Start of Block

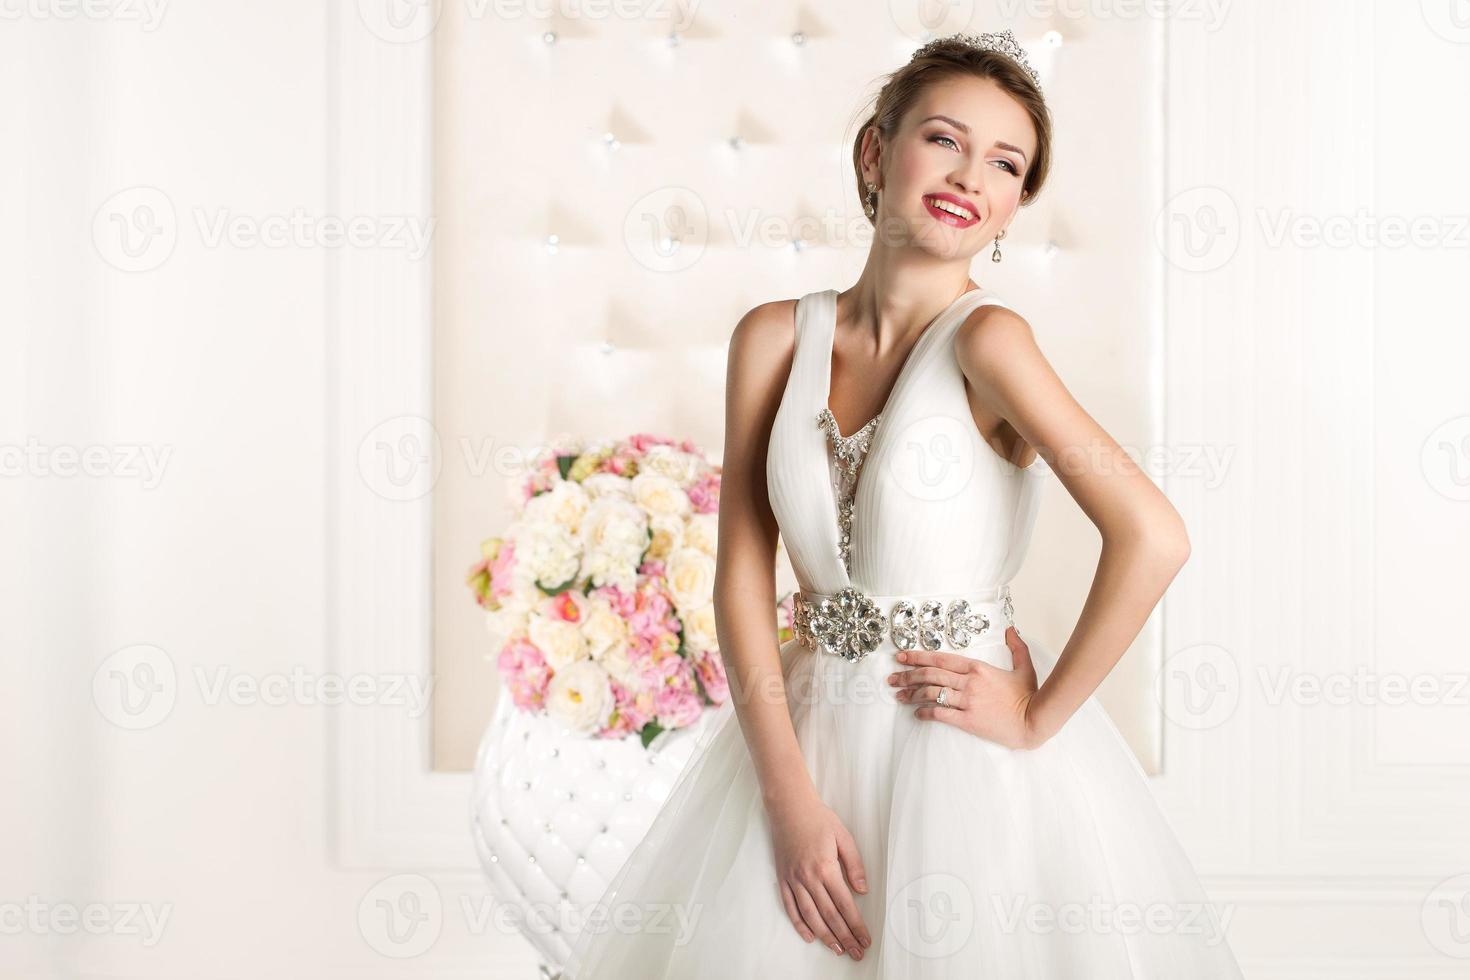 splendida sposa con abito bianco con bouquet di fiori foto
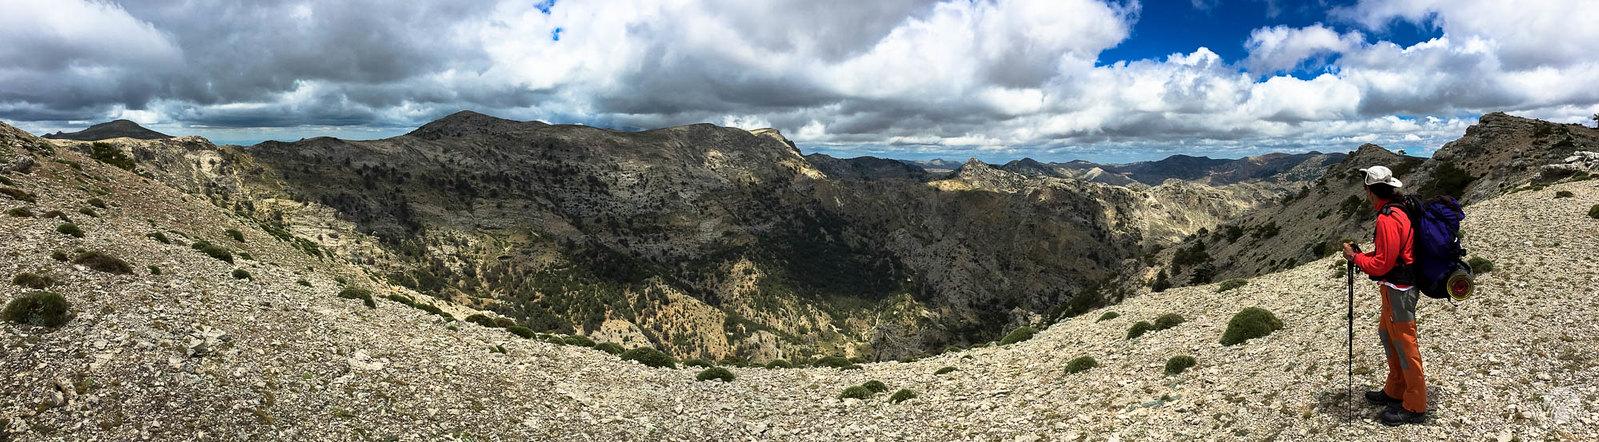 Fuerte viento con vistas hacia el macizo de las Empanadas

End of Block
Start of Block

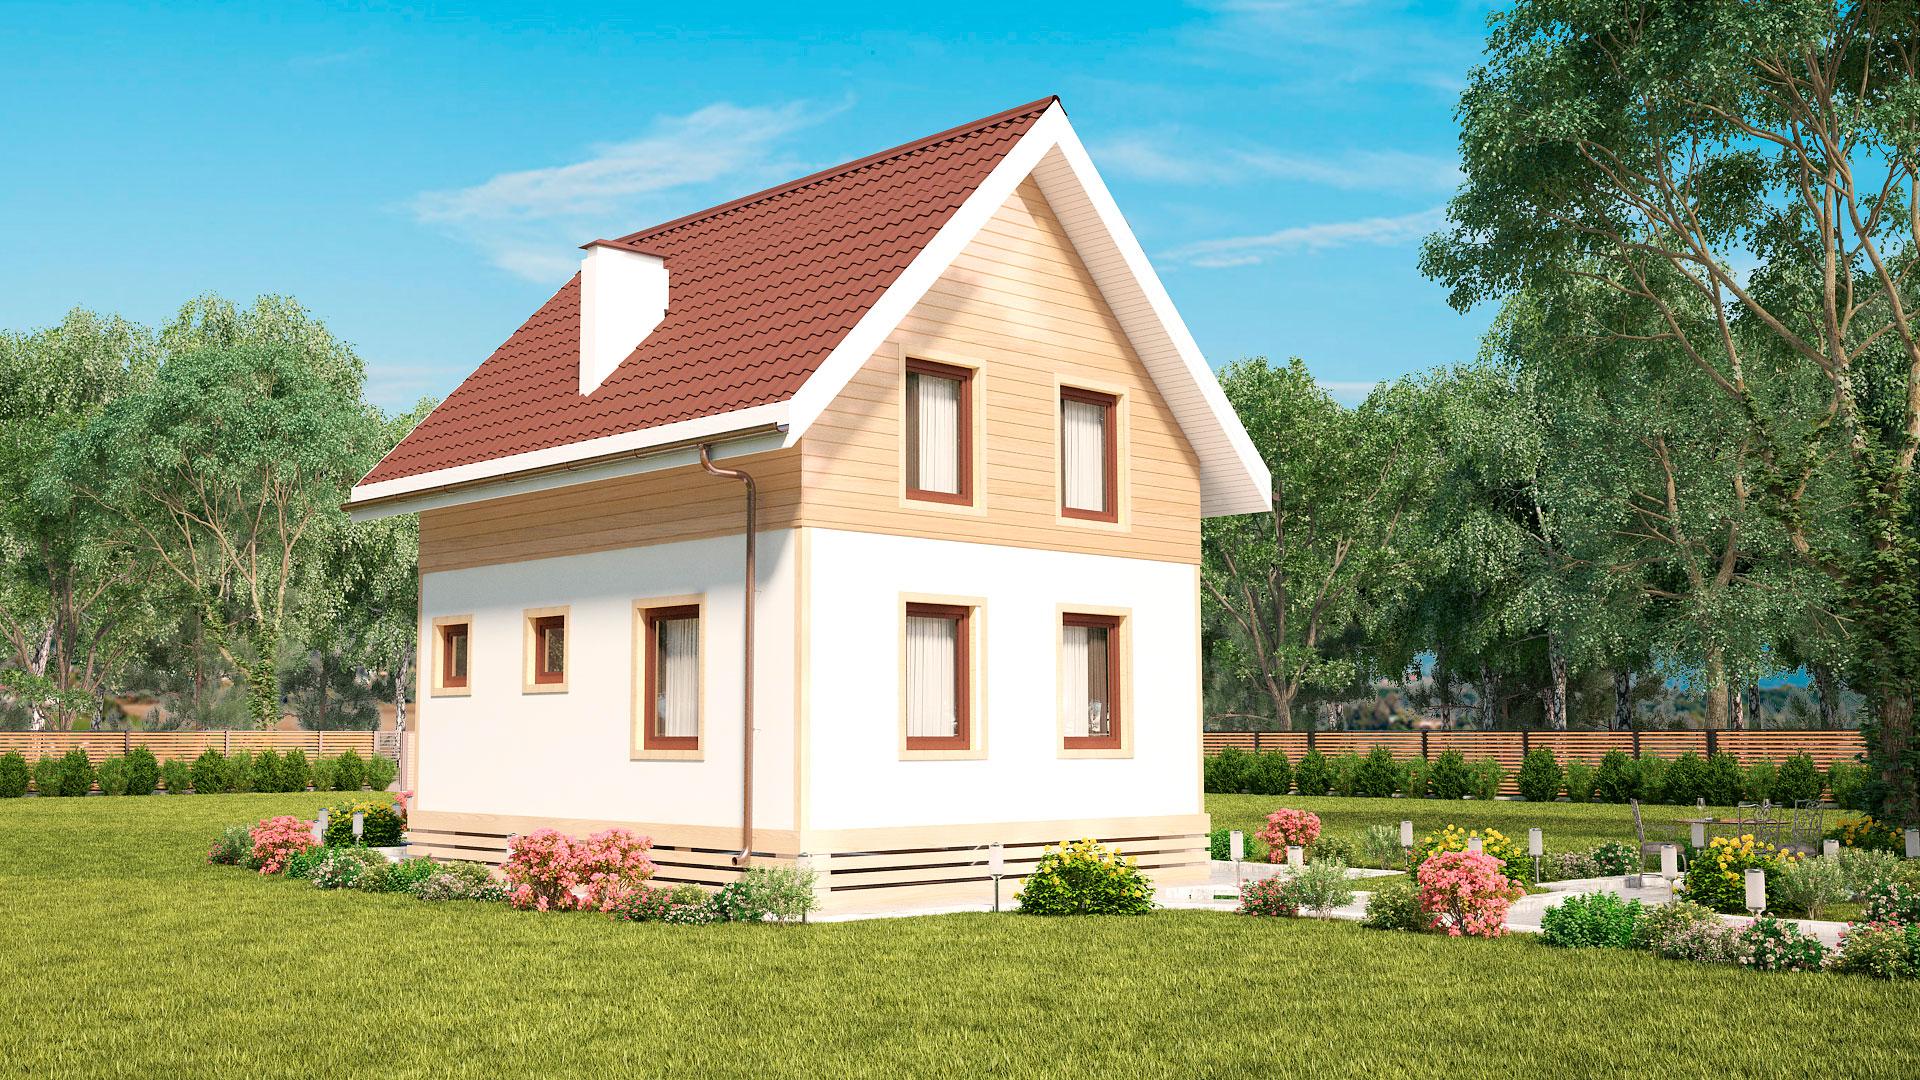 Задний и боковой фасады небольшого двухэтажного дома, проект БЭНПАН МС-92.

End of Block
Start of Block

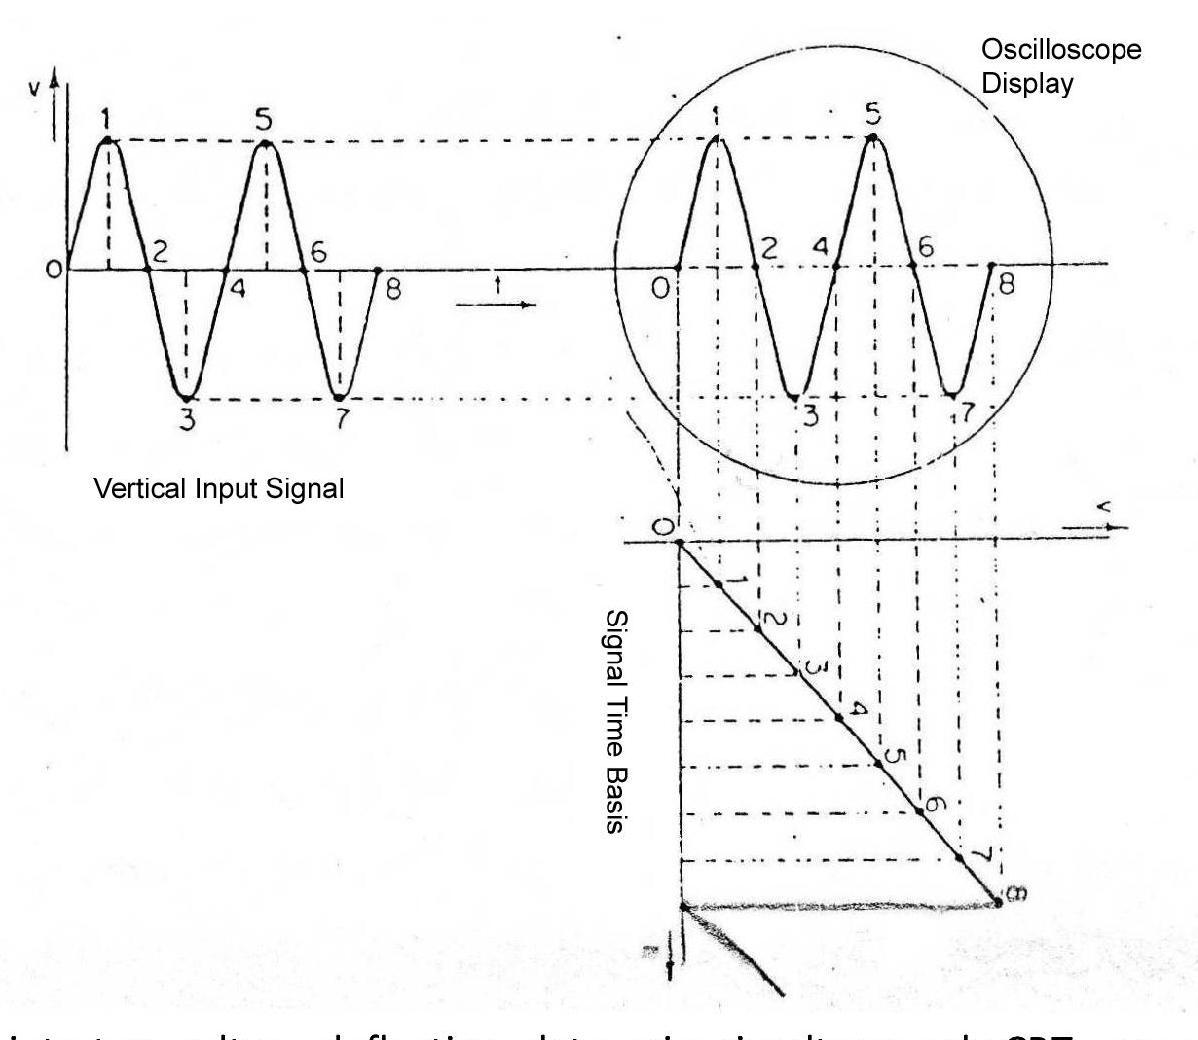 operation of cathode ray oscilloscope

End of Block

Write out the lines above from the one with "splendida sposa con" through the one with "Fuerte viento con", ends included, exactly; no picture goes in.

EXERCISE RESULT
 splendida sposa con abito bianco con bouquet di fiori foto
 Fuerte viento con vistas hacia el macizo de las Empanadas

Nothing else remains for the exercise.